| Stat 251:Statistical Methods I |
Fall 2008 |
Goal: To collect, describe, and analyze data using the methods of Chapter 3. First think of
a population of interest,
a categorical variable you would like to measure for that population, and
a conjecture you have about the population proportion of successes.
(e.g., more than 90% of Hollins students own a cell phone, more than 1/3 of TV commercials during the Superbowl tournament last longer than 30 seconds, less than 75% of Salem drivers come to a complete stop at intersections next to campus (Roanoke College), a majority of college students can distinguish between the taste of Coke and Pepsi, more than half of a random sample of products are more expensive at Kroger than at Food Lion, ...).
Your task will be to select a random sample from the population and record the categorical variable for every member of the sample. The sample size should be at least 30 and the population should be at least 20 times the size of your sample. The type of study can be an experiment, an observational study, or a survey. The key requirement will be that you randomly select the observational units from the larger population. (Note: the sample does not have to consist of humans. You should be very careful in how you define your population.)
You are free to choose your own topic(s). The topic may be related to your major or another topic of interest. Make sure you choose a topic so that it is straightforward to gather the data or you have access to data from another class or professor.
Teams: You may work in teams of 2 people, or you may work alone. If you work in a group, it is up to the members of the group to make sure everyone contributes equally. Plan your schedules so that you will have time to work together on the project outside of class. Teams should be formed and project topics selected by Wednesday November 5th. You may be asked to share your proposals with the rest of the class. You are also encouraged to share your ideas with me before you begin collecting any data. Please start early so you have time to ask questions.
Final Report: Due Friday, November 21st. This should be a typed report, written collaboratively by all team members. Your report should be written as if will be read by other student researchers. Make sure it includes at least:
I. Introduction
Same guidelines as last time. You should describe the population parameter of interest, an initial conjecture for its value (that makes sense in the context) and whether you suspect the actual value is higher or lower (or just different) than this conjectured value.
II. Data Collection Methods
Same rules as last time, remember to tell me everything, good and bad. Think about designing a study protocol where someone else could mimic exactly the same study that you carried out. In your discussion, be sure to define your observational units, variable of interest, population of interest, sampling frame (if applicable), and parameter of interest. Which type of probability sampling method did you use (SRS, stratified, cluster, systematic)? If you designed a survey, are there any potential wording issues? Did you “field-test” the questions first? How did you ensure confidentiality or take other precautions to ensure honest responses? What was the response rate? How often did you have to make repeat visits in order to obtain the observational units initially selected? Are there any other potential sources of sampling or non-sampling errors?
III. Analysis of Results
Descriptive Statistics
You will need to make choices as to which numerical and graphical summaries are most relevant. Make sure you integrate the output into the body of the report and include discussions of how you are interpreting the message in these summaries. In your discussion you should fully describe your sample, sample size, and report the sample statistic and whether it supports your conjecture.
Inferential Statistics
In carrying out the binomial test and interval:
define the population and parameter in words
state your conjectured value about the parameter and what it signifies.

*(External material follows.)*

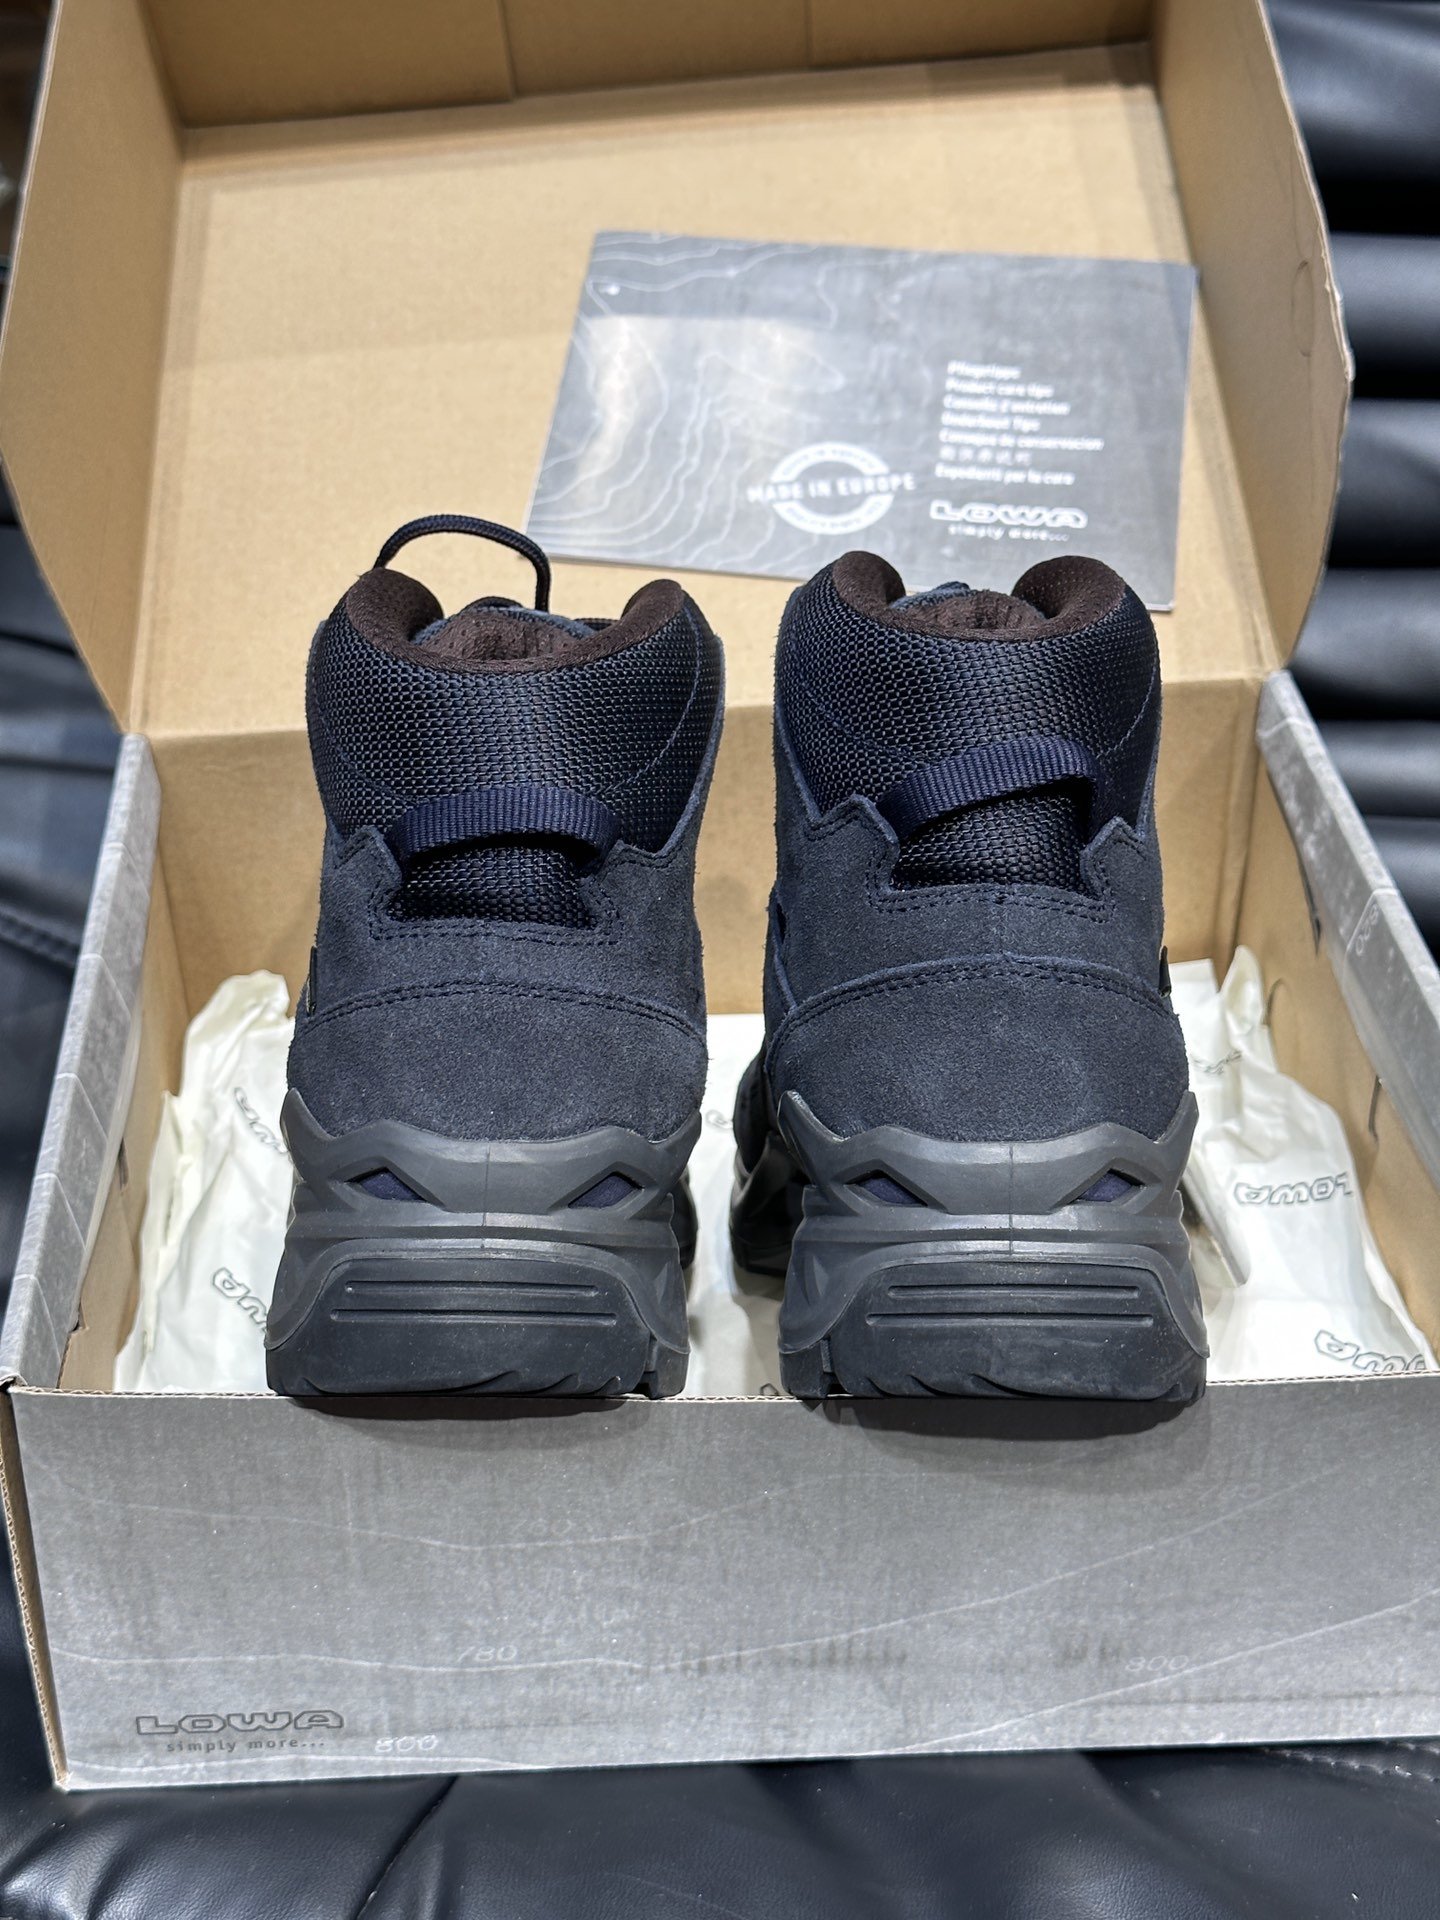 LOWASIRKOSEVOGTX高帮户外徒步防水鞋鞋子表面是聚酯网/热塑性聚氨酯衬里是防水透气膜接缝密封

state whether you suspected (before you saw the data) whether you thought the actually value of the parameter was higher or lower than this conjectured value. If you had no prior direction in mind, then you will calculate a two-sided p-value.
state what a type I and a type II error would represent in this setting.
discuss whether or not your measurements can be considered observations from a Bernoulli process or from a large population.
calculate a binomial probability to represent the p-value corresponding to the direction of your conjecture. Include an interpretation of what this p-value represents.
use Minitab to calculate a confidence interval to describe the plausible values of your population parameter.
state your conclusions in context. Include a statement of which type of error you may have made based on this conclusion (you cannot have made both types), and if possible, give the probability that you have made that error.
IV. Conclusion
Same guidelines as before. Pay particular attention to whether or not the conditions were satisfied for you to generalize your sample to the larger population. Also discuss whether or not the Bernoulli conditions were met and whether or not the p-value represents true randomness in the study or if the p-value is more fictitious, used to measure the amount of chance variability if there had been randomness (measures the uncertainty but you really don’t think it is reasonable to generalize from your sample to your population). Make sure you include a critique of the study you did, as well as make suggestions for future studies.
![]()